Categories
Redundancy Unfair Dismissal

Unfair redundancy? Your options and the factors to consider

redundancy claims

Have you been unfairly made redundant?

Perhaps you have a sneaking suspicion that it was not really a genuine redundancy situation and the employer simply took the opportunity presented by the Covid 19 pandemic to get rid of you.

Or maybe the redundancy was genuine but you feel you were unfairly selected, that someone else should have been chosen and it would have made much more sense.

I have met many employees who have found, or find, themselves in this type of situation. The question arises: what can you do about it?

Unfair dismissal

The main cause of action will be a case for unfair dismissal on the grounds that

  1. It is a sham redundancy, not a genuine one or
  2. You have been unfairly selected.

If you can prove that your case falls into one of these categories you may well win your case for unfair dismissal.
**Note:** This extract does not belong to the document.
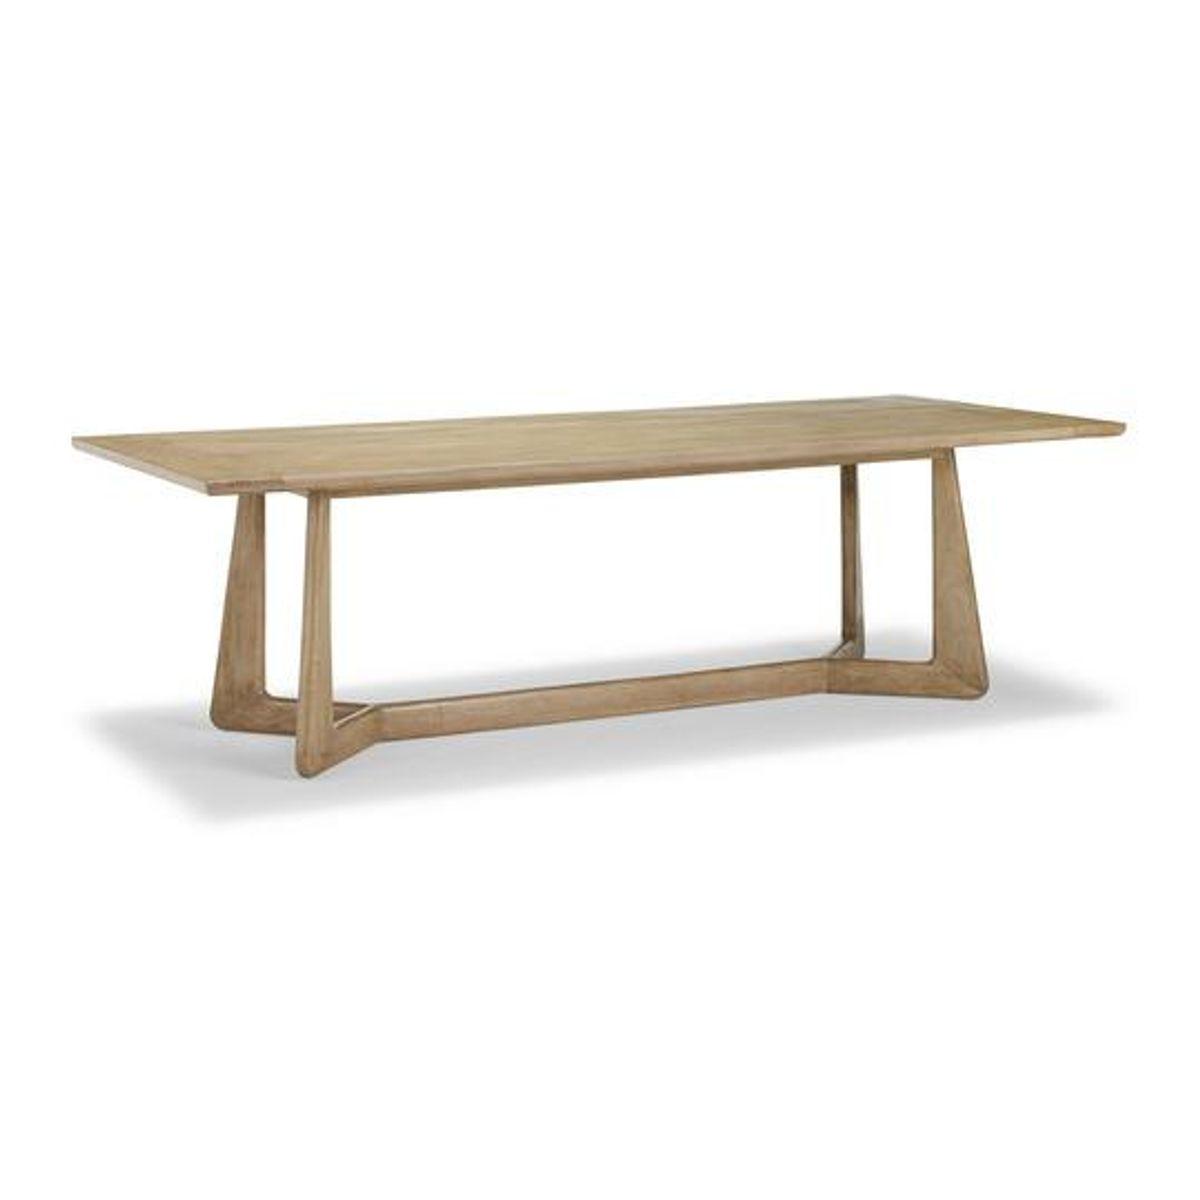 gregorius pineo hansen dining table
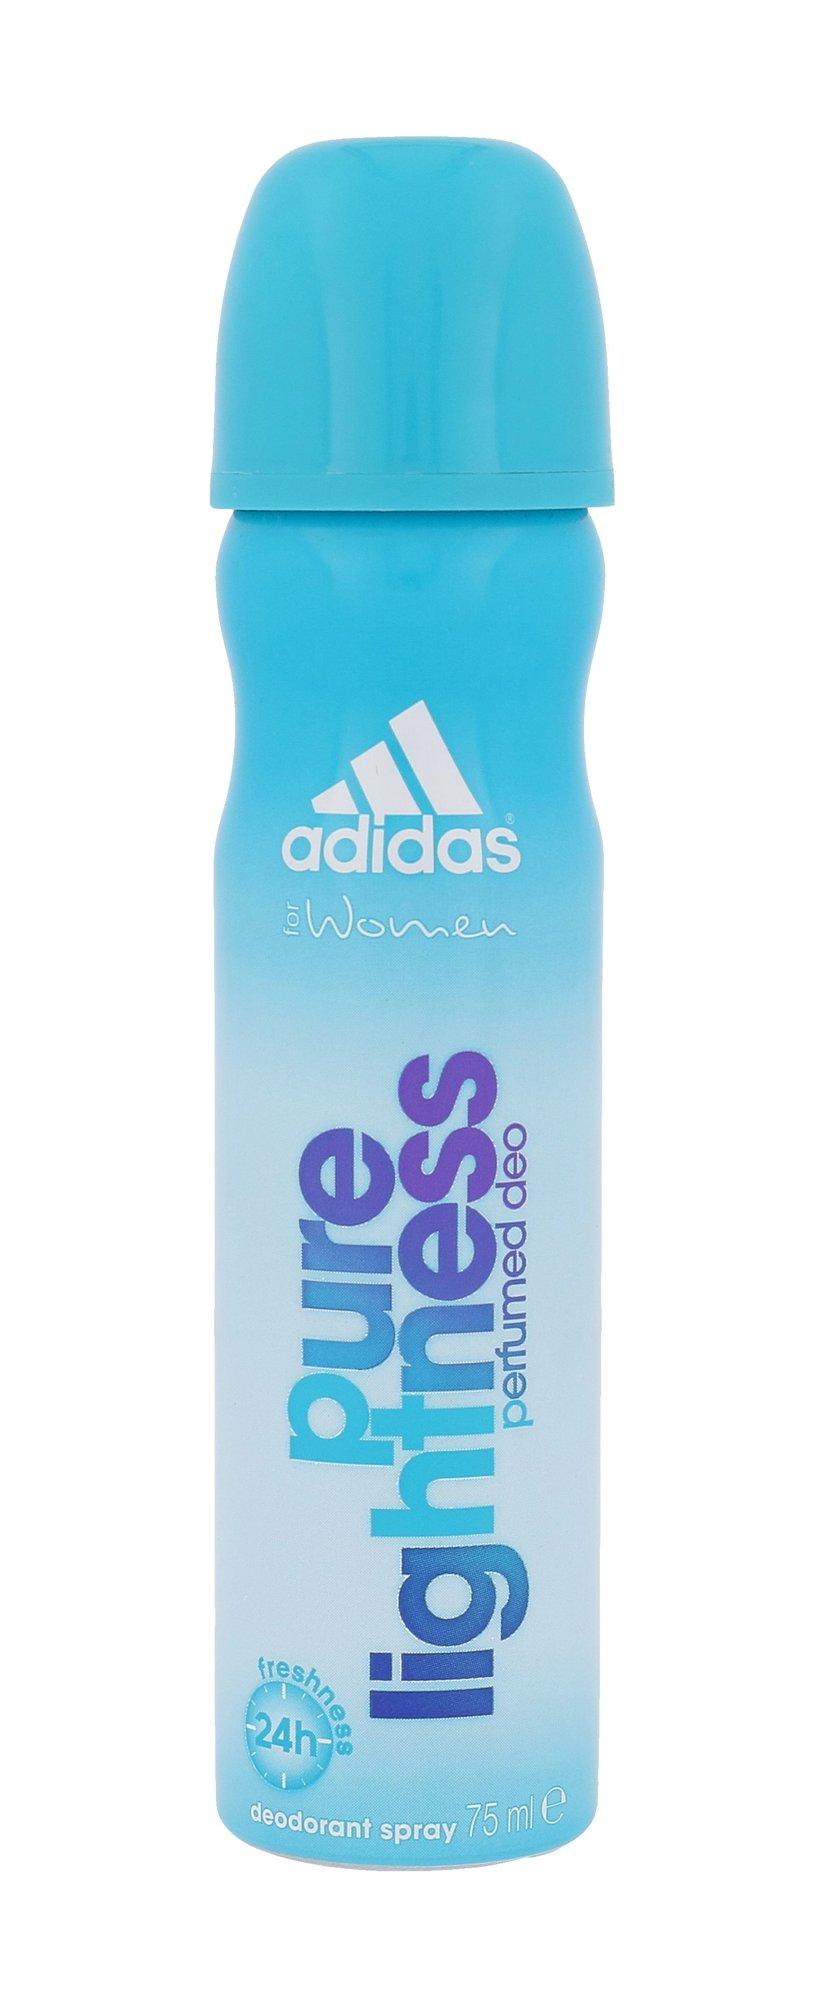 Adidas Pure Lightness For Women Deodorant 75ml

If you do the remedies open to you, at the discretion of the adjudication officer at the Workplace Relations Commission, will be

  1. Financial compensation
  2. Reinstatement (in your old job)
  3. Reengagement (in a new position in the company)

There is a problem, however. If you have been unfairly dismissed and you prove it was not a genuine redundancy it is almost certain that whatever redundancy payment will have to be offset against your financial loss, as calculated by the provisions of the Unfair Dismissals Act 1977.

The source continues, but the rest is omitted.